Return the listing below exactly, with the pictures dropped.

Collected data:
■ ■ ■ ■ ■
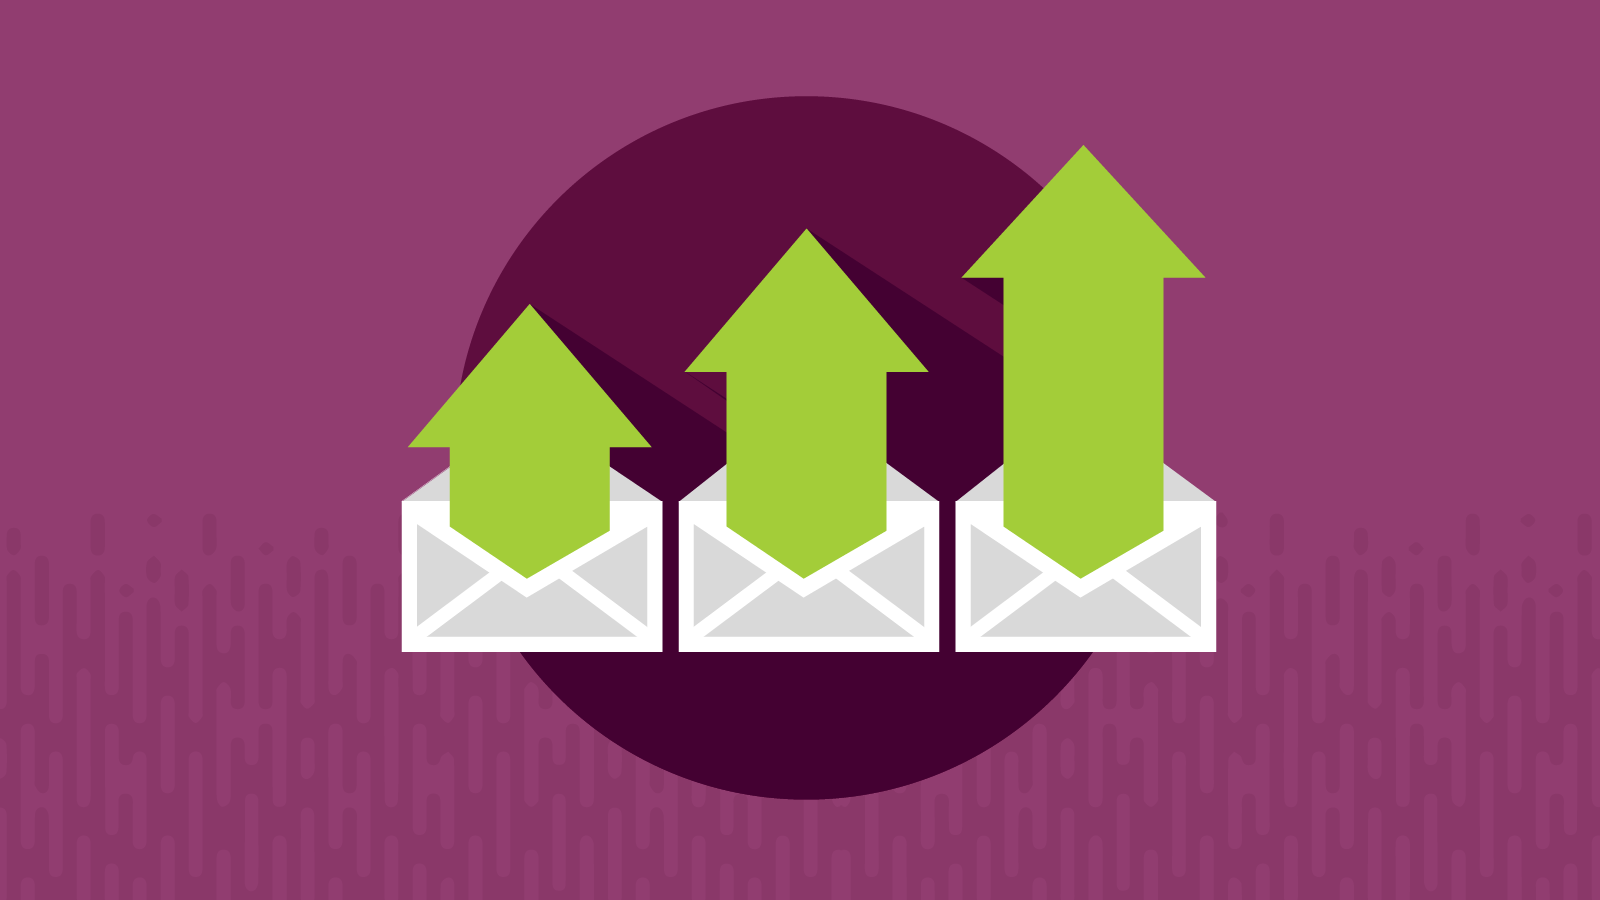 three up arrows from envelopes for increased email open rates
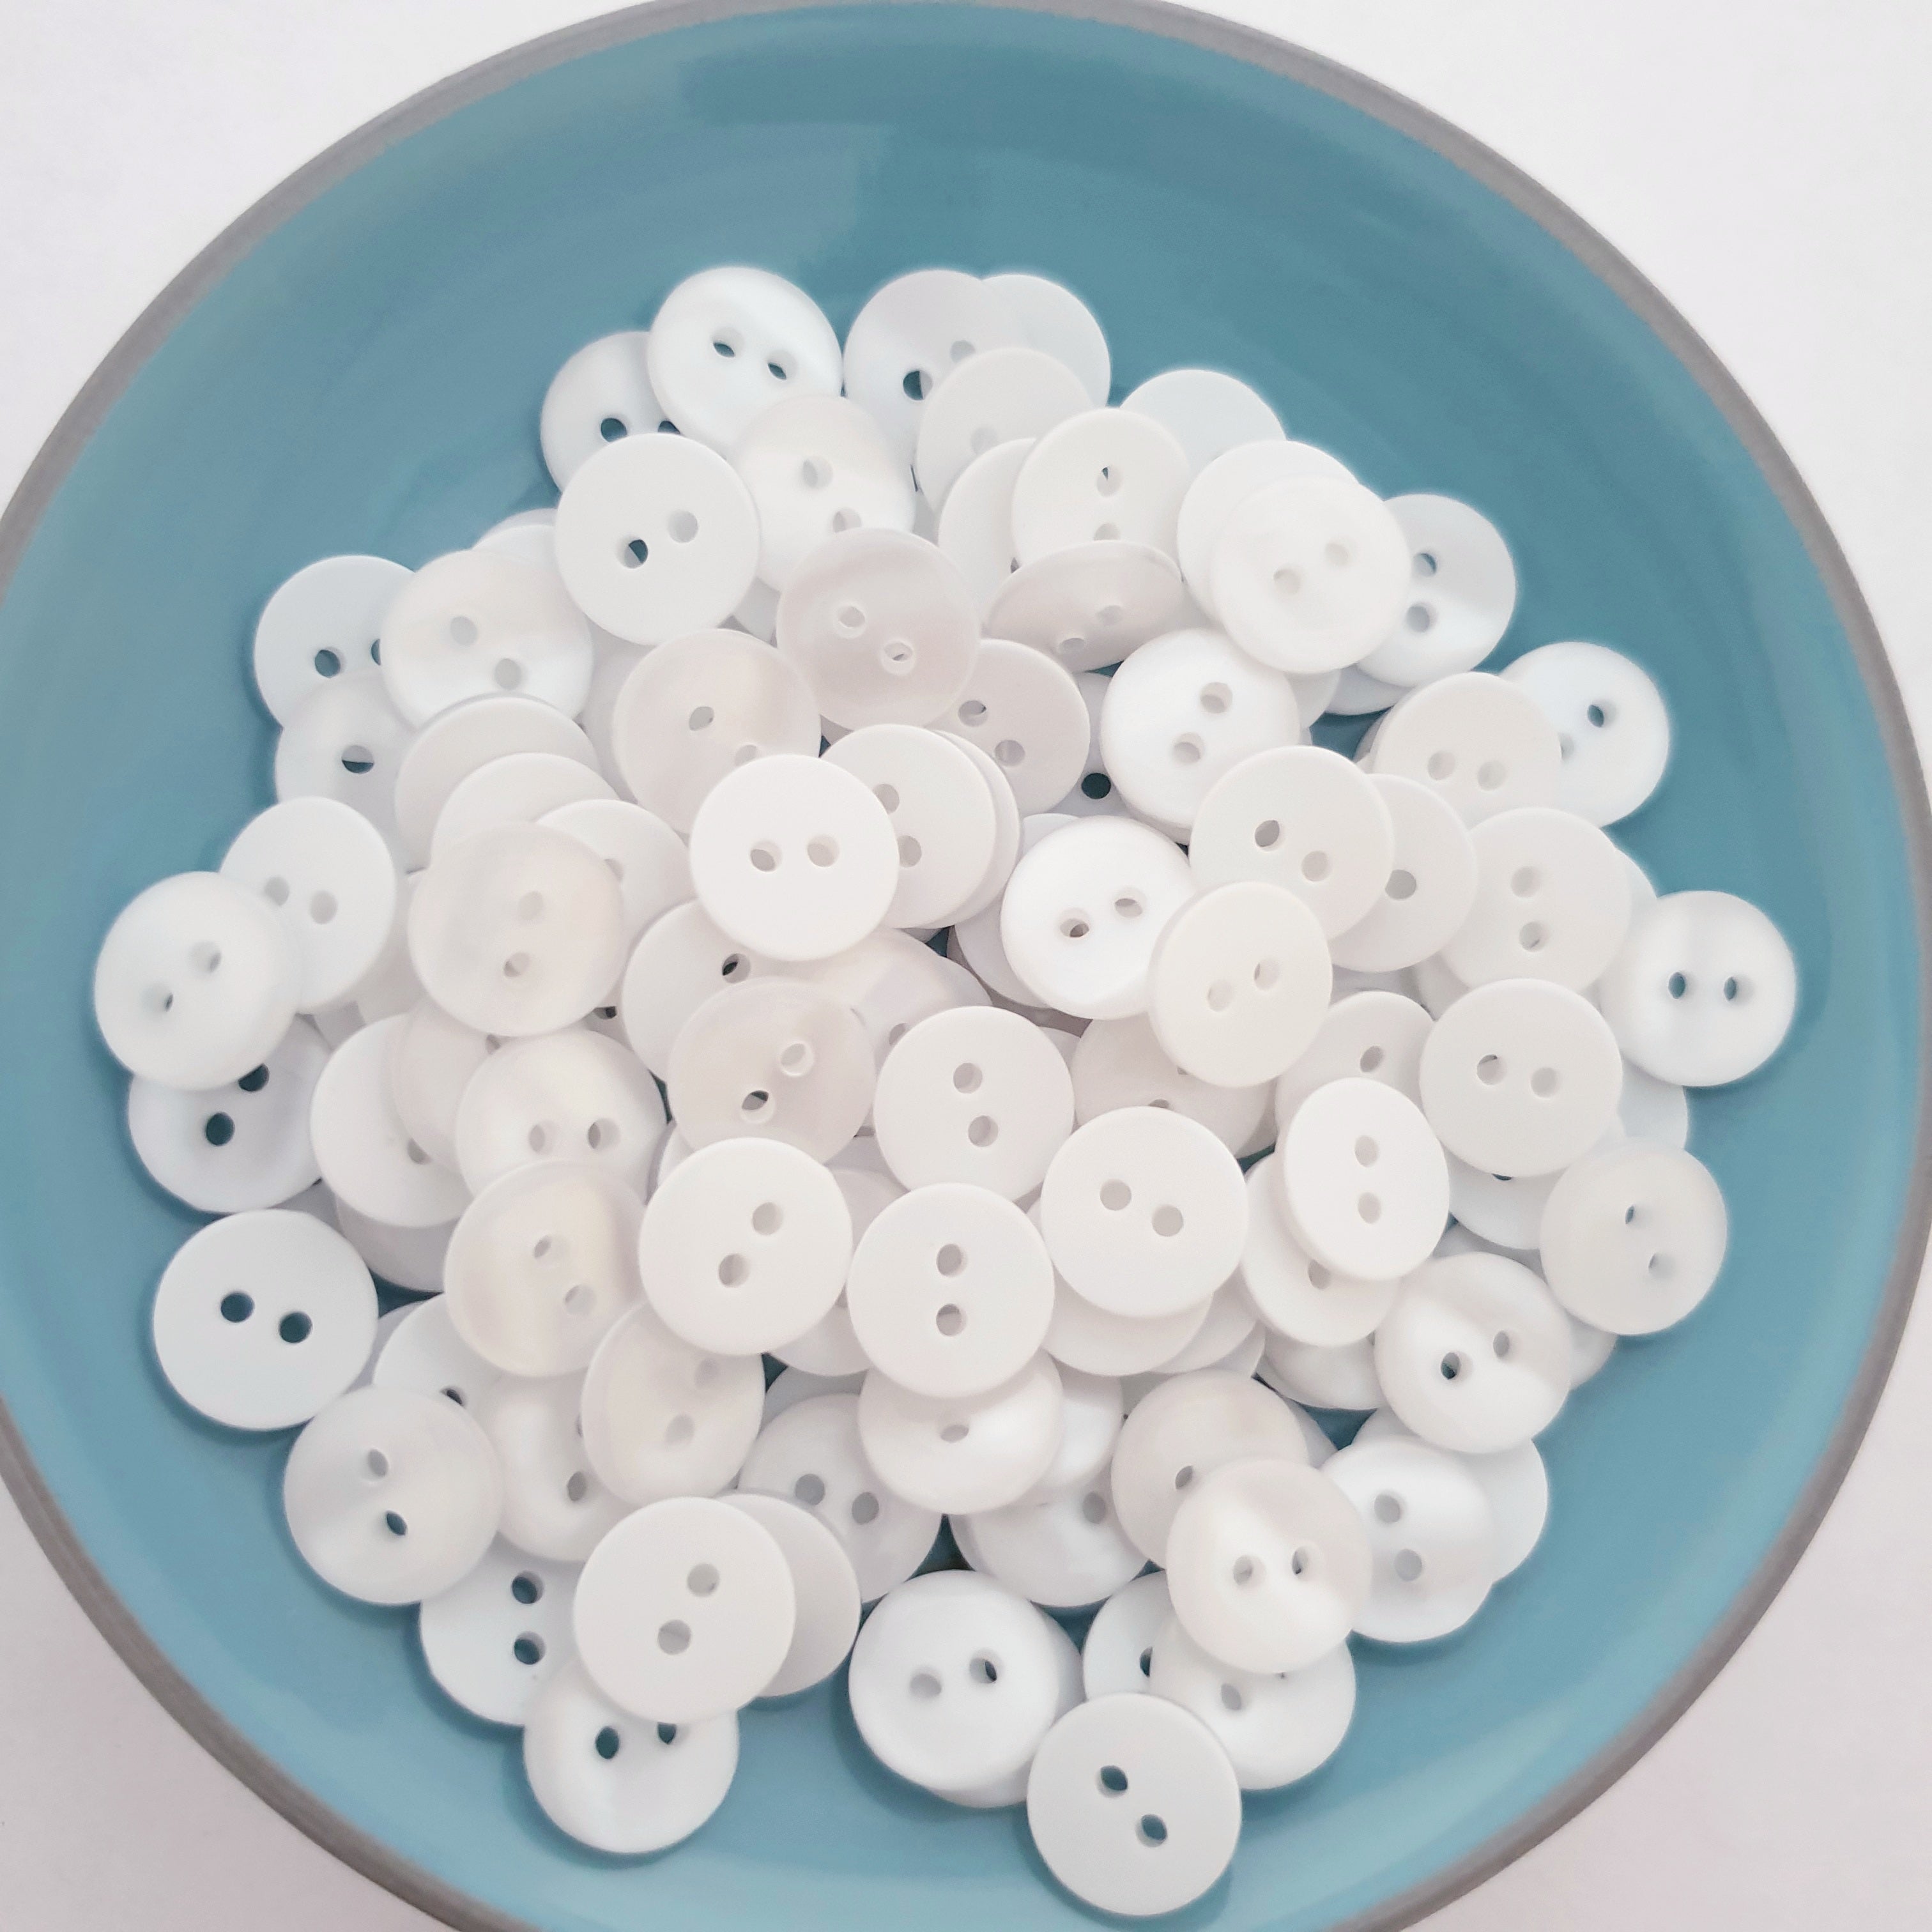 MajorCrafts 80pcs 10mm White Pearlescent 2 Holes Small Round Resin Sewing Buttons
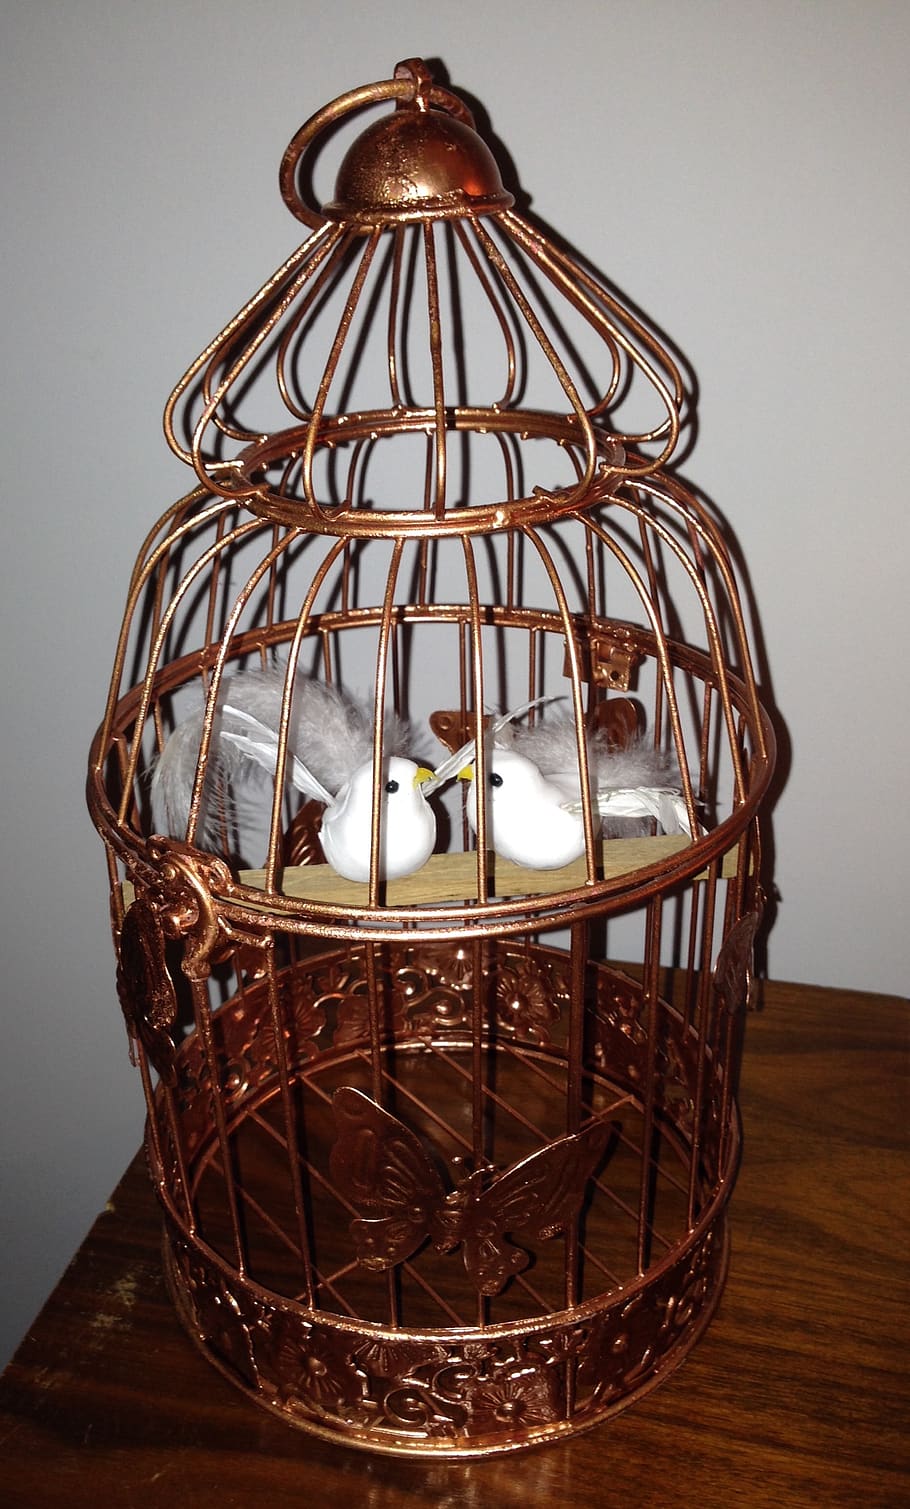 cage, bird, couple birds, indoors, close-up, candle, decoration, flame, table, lighting equipment
■ ■ ■ ■ ■
Written response:
 three up arrows from envelopes for increased email open rates
 MajorCrafts 80pcs 10mm White Pearlescent 2 Holes Small Round Resin Sewing Buttons
 cage, bird, couple birds, indoors, close-up, candle, decoration, flame, table, lighting equipment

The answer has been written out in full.